We consider an M/M/1 queueing model where customers can strategically decide whether to join the queue or balk and when to renege. We characterize the class of queueing regimes such that, for any parameters of the model, the socially efficient behavior is an equilibrium outcome.

Title: Opportunity Hunters: A Model of Competitive Sequential Inspections (joint work with Ran Eilat (Ben Gurion University) and Zvika Neeman (Tel Aviv University))

We introduce a new type of games, called "opportunity-hunting games,'' in which two players compete to discover an uncertain event ("opportunity'') that occurs at an unobserved and random point in time. Players can inspect whether the event has already occurred again and again, but each inspection is costly. Varying the parameters of the model spans the range from games where competition between the players to be the first to identify the opportunity is the dominant force, to games in which free-riding on the other player's effort is the dominant force. We characterize the game's unique symmetric Markov Perfect Equilibrium.

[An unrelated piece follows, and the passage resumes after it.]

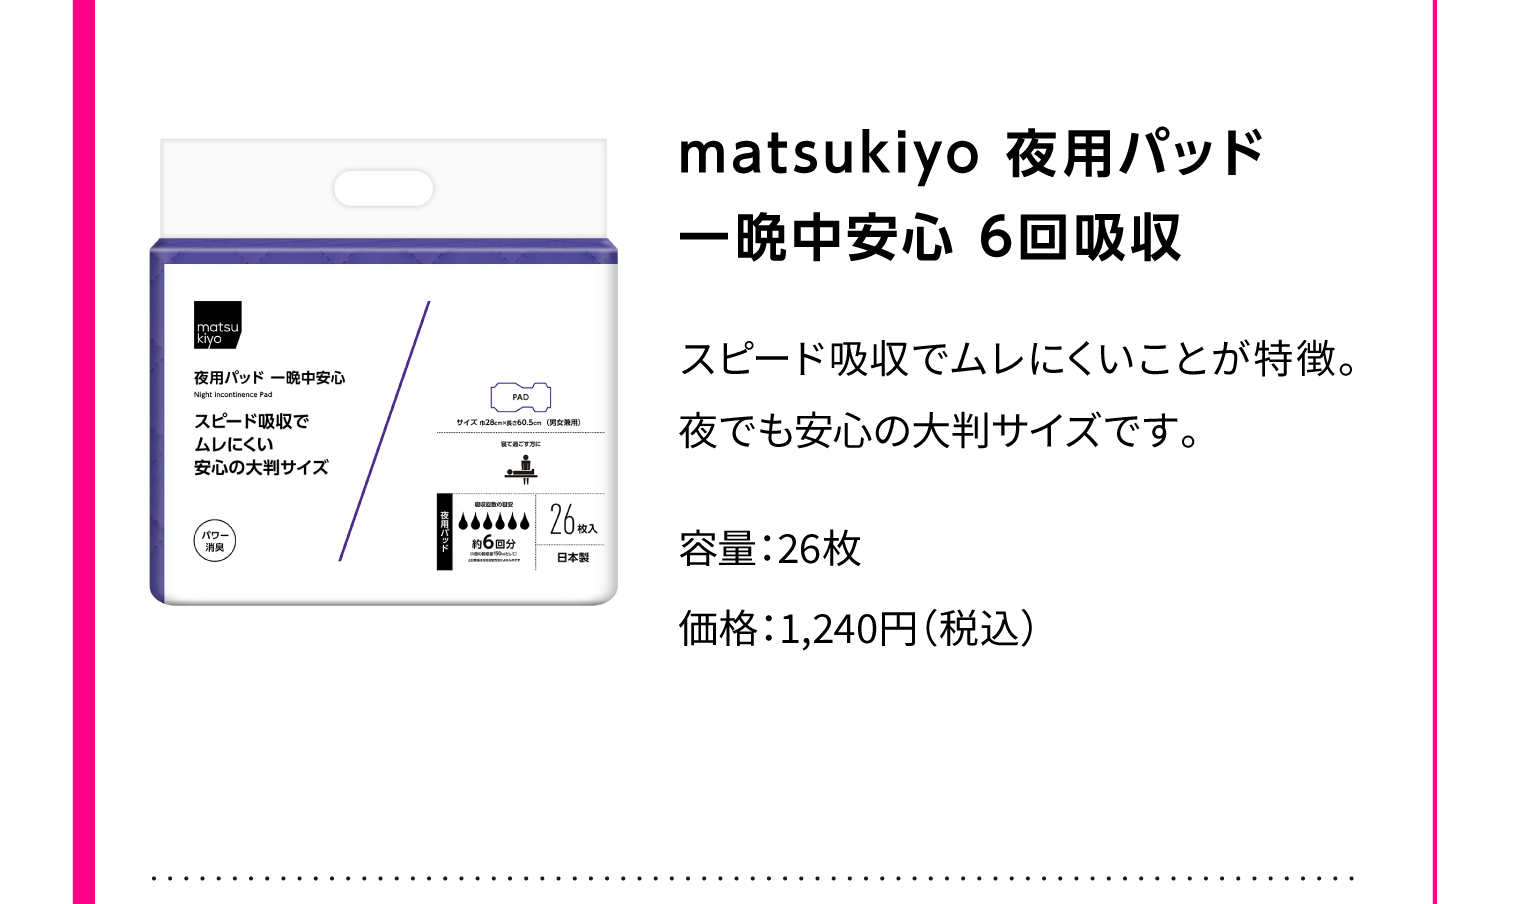 matsukiyo 夜用パッド 一晩中安心 6回吸収スピード吸収でムレにくいことが特徴。夜でも安心の大判サイズです。容量：26枚 価格：1,240円（税込）

Title: Mediated communication with coarse messages (joint work with Mael Le Treust)

This paper is about sender-receiver problems where the two parties communicate via a coarse set of messages. We propose a concept of mediated communication equilibrium capturing the message limitations and study the value of mediation and the optimal communication mechanisms. We consider the mechanism design and Bayesian persuasion scenarios as particular cases.